The Sample Rate Converter calculates the quality implications and output parameters of any sample rate conversion -- useful for planning the 96kHz to 48kHz conversion in a score-to-mix pipeline. The Audio Bitrate Storage Calculator shows you exactly how much more storage a 96kHz project requires compared to 48kHz across a full production schedule. For the broader context of how sample rate fits into a complete audio deliverables package, audio delivery standards for film and television covers the full specification set -- LUFS targets, channel configurations, and bit depth alongside sample rate requirements. The post on LUFS, dBFS, and loudness normalization covers the loudness compliance side of audio delivery that sample rate selection doesn't affect but that must be addressed before any mastering deliverable ships.

Conclusion

48kHz is the correct sample rate for all film and television audio delivery. 96kHz has legitimate uses in production and scoring sessions where audio will undergo significant processing before the 48kHz final delivery -- the headroom reduces processing artifacts through multiple generations. 192kHz has genuine value only in scientific recording and very specific archival use cases. For any project where the final deliverable is broadcast, streaming, or theatrical DCP, recording location audio, music, or sound effects above 48kHz adds storage and CPU cost without improving what the audience hears.

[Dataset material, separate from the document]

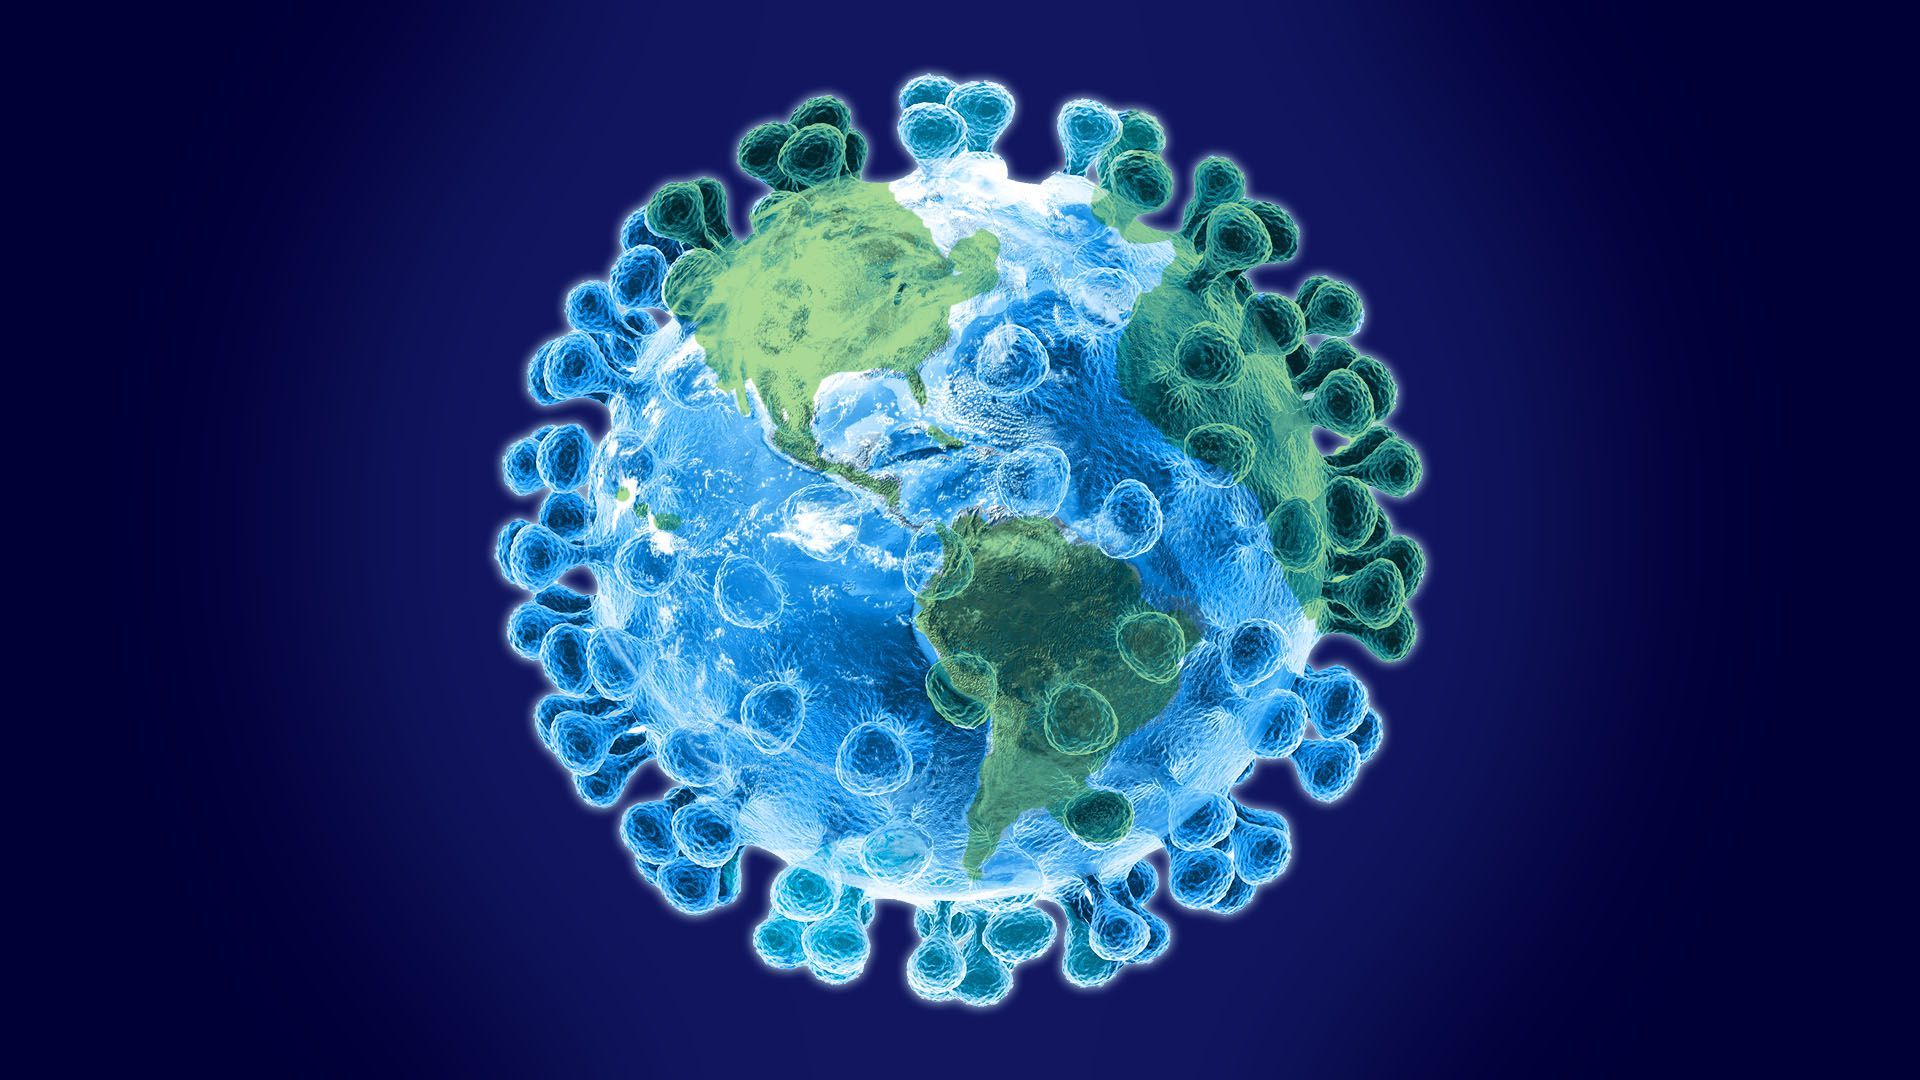 Coronavirus may be at the brink of a global pandemic

This post covers standard stereo and multichannel audio for film delivery. Object-based audio formats (Dolby Atmos, MPEG-H) have their own session requirements that include sample rate specifications within a more complex workflow than standard channel-based delivery.

What's the highest sample rate you've used on a production -- and looking back, did the deliverable justify the additional workflow complexity?